View Single Post
 
Old Dec 31, 2015, 04:04 PM
coolibrarian's Avatar
coolibrarian coolibrarian is offline
Poohbah
 
Member Since: Feb 2014
Location: Upstate NY
Posts: 1,302
Update: yesterday was my last session at the old office. When I see T again in 2 weeks, it will be at the new office. She's told me that her new office is smaller. I wondered aloud what furniture she would and wouldn't be taking with her. I also wondered which art that I have grown so used to in the old place, will be up on the walls in the new place. When I got there yesterday, there were boxes all over (they are moving today), and everything was a mess. It was very anxiety-provoking for me; I was actually shaking. I talked about how her office had always been a place of stability for me, even though the sessions were not always pleasant. It was still something, sometimes the only thing, that I could count on, first weekly, then every two weeks. I've been seeing her in that office for many years.

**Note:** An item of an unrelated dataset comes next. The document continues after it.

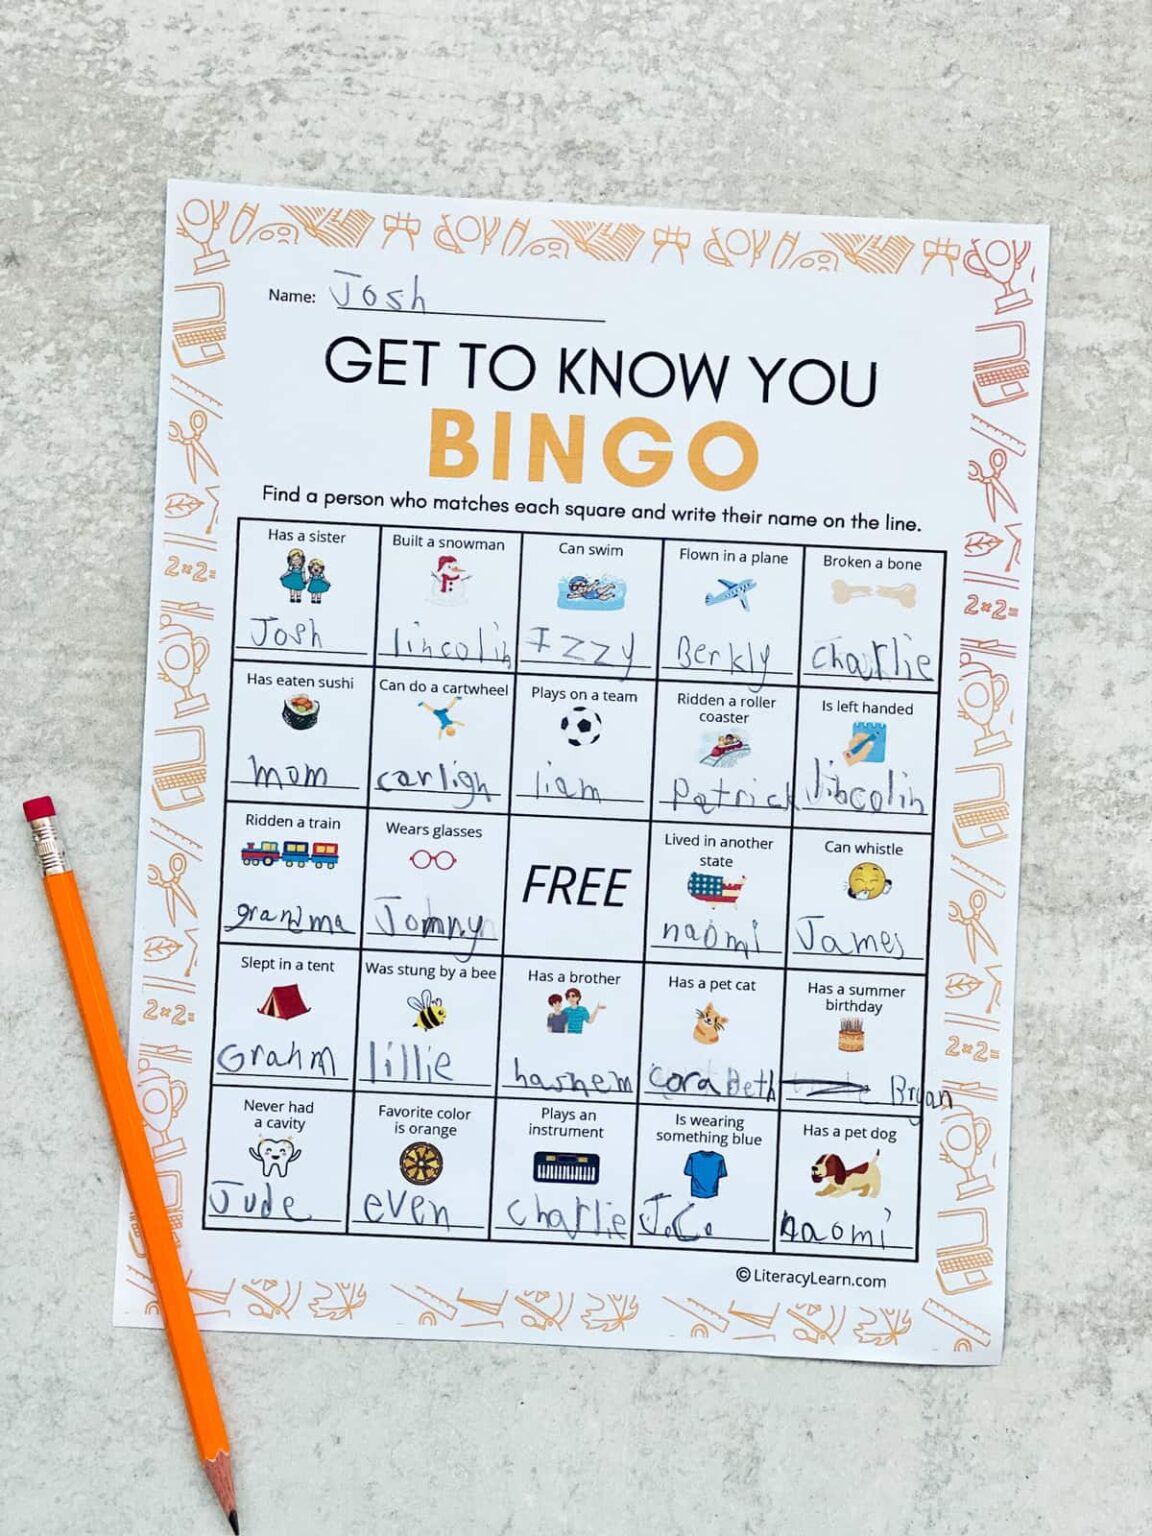 Get to Know You Bingo for Kids - Free Printable - Literacy Learn

She suggested I try meditation for the anxiety, as it arises. And I said that, "next year" I would endeavor to concentrate more on things I can change, not things I cannot; this move harkened back to other times in my life when I was not in control of various situations. It made me feel excluded, and uncared for. I told her about some of the discussions here about gift-giving, and that I MIGHT give her a gift for her new place...or, I might not. In her office, I saw a big pile of papers that she was either throwing out or recycling. It made me think that maybe I should try cleaning my house as if I were moving, and couldn't take everything with me. Sorry, I think I'm rambling. HNY.